### Exercise goal:
Reproduce the entries shown below only from the line with "One Piece Gashaportraits" down to the line with "Organic naked pb powder next to a jar.", keeping both end lines and copying each one exactly.

### Records for processing:
==========

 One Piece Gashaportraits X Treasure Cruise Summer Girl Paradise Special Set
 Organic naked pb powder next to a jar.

==========

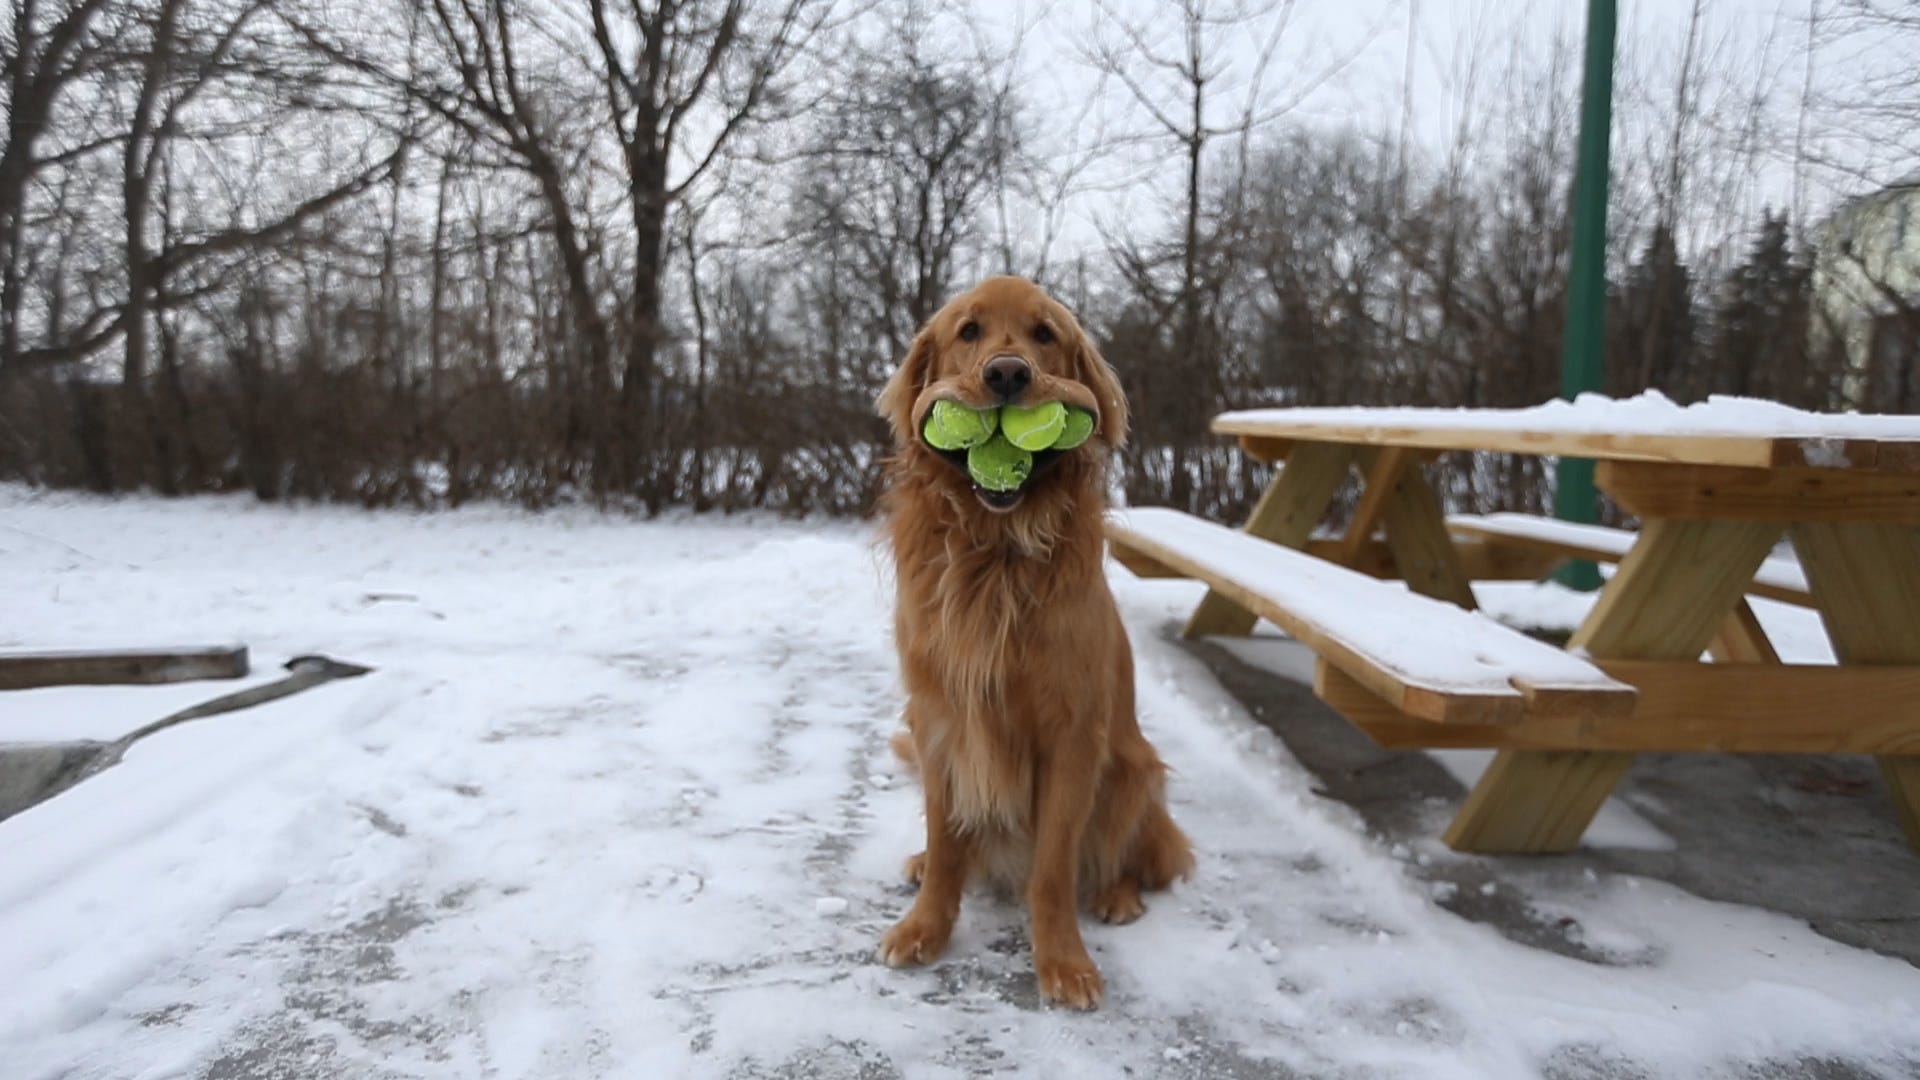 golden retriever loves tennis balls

==========

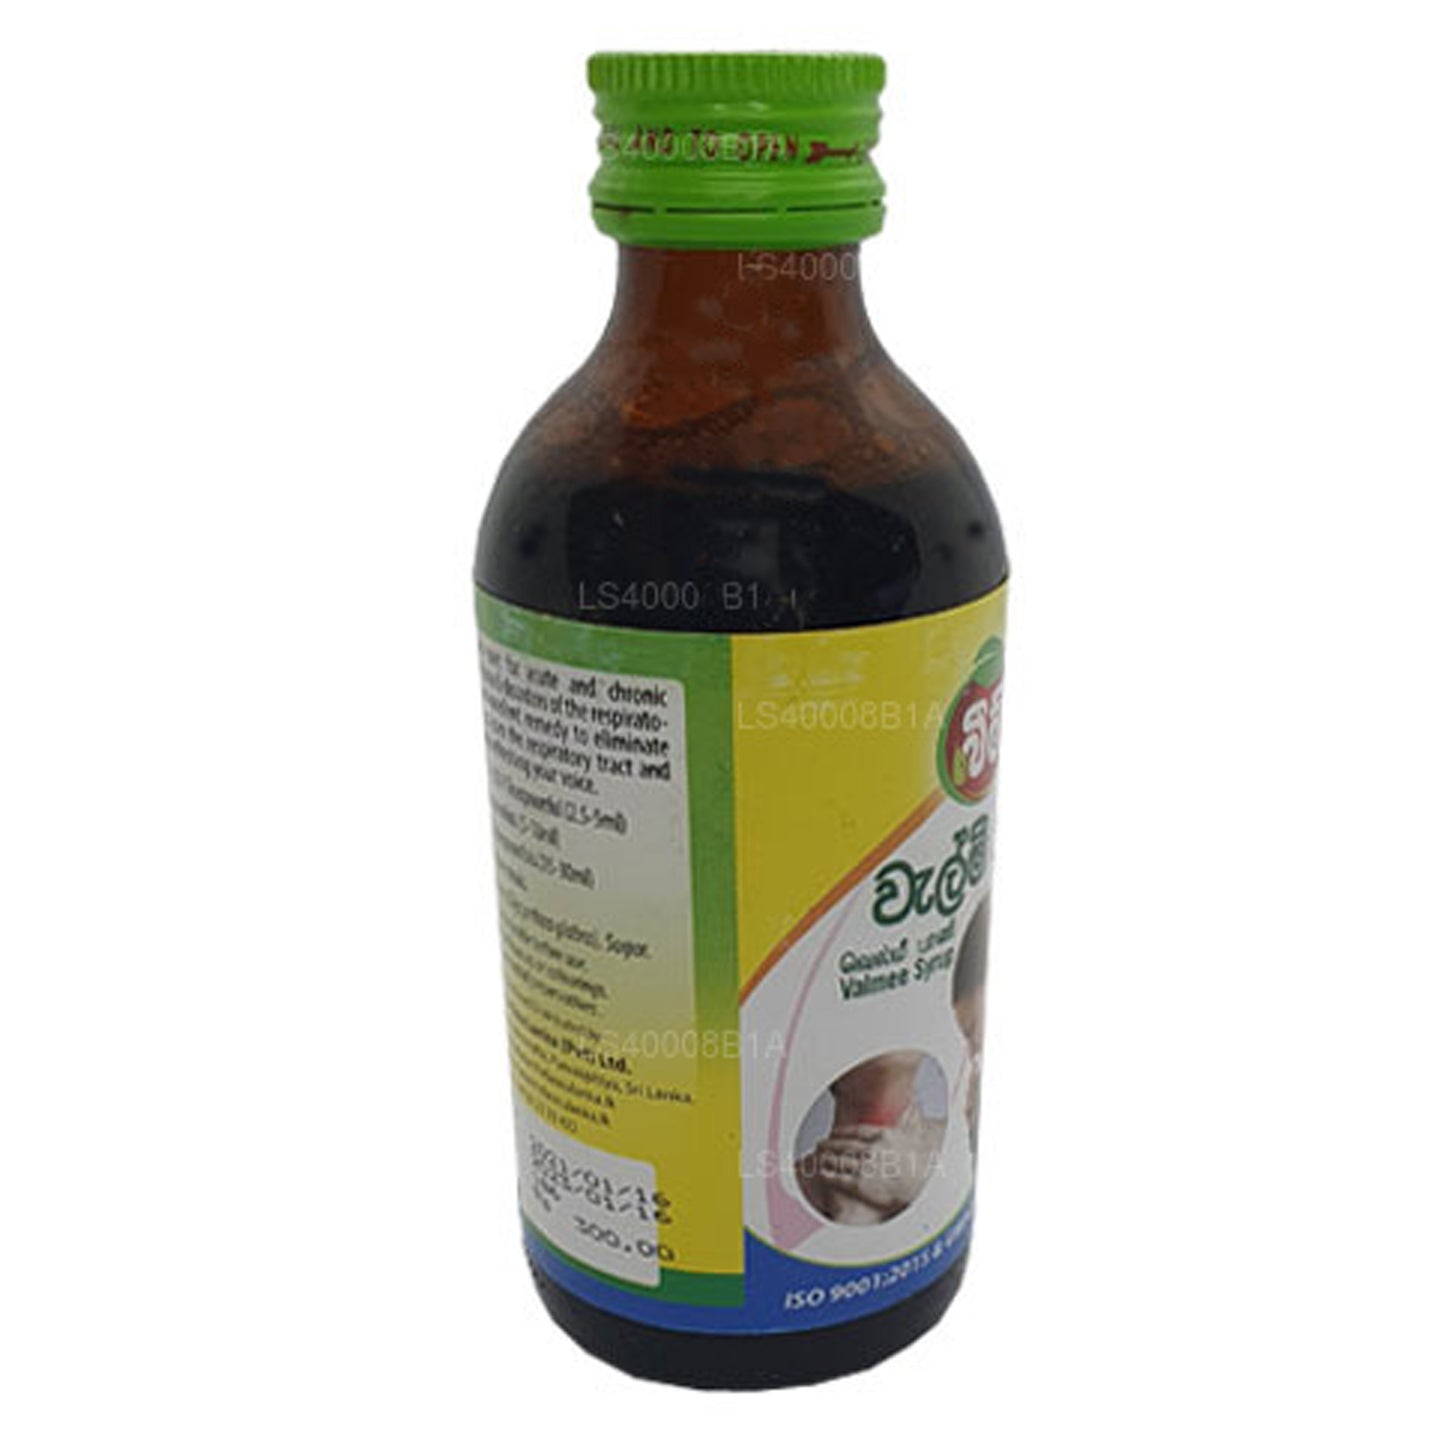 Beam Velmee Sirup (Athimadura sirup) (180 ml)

==========

### Result:
 One Piece Gashaportraits X Treasure Cruise Summer Girl Paradise Special Set
 Organic naked pb powder next to a jar.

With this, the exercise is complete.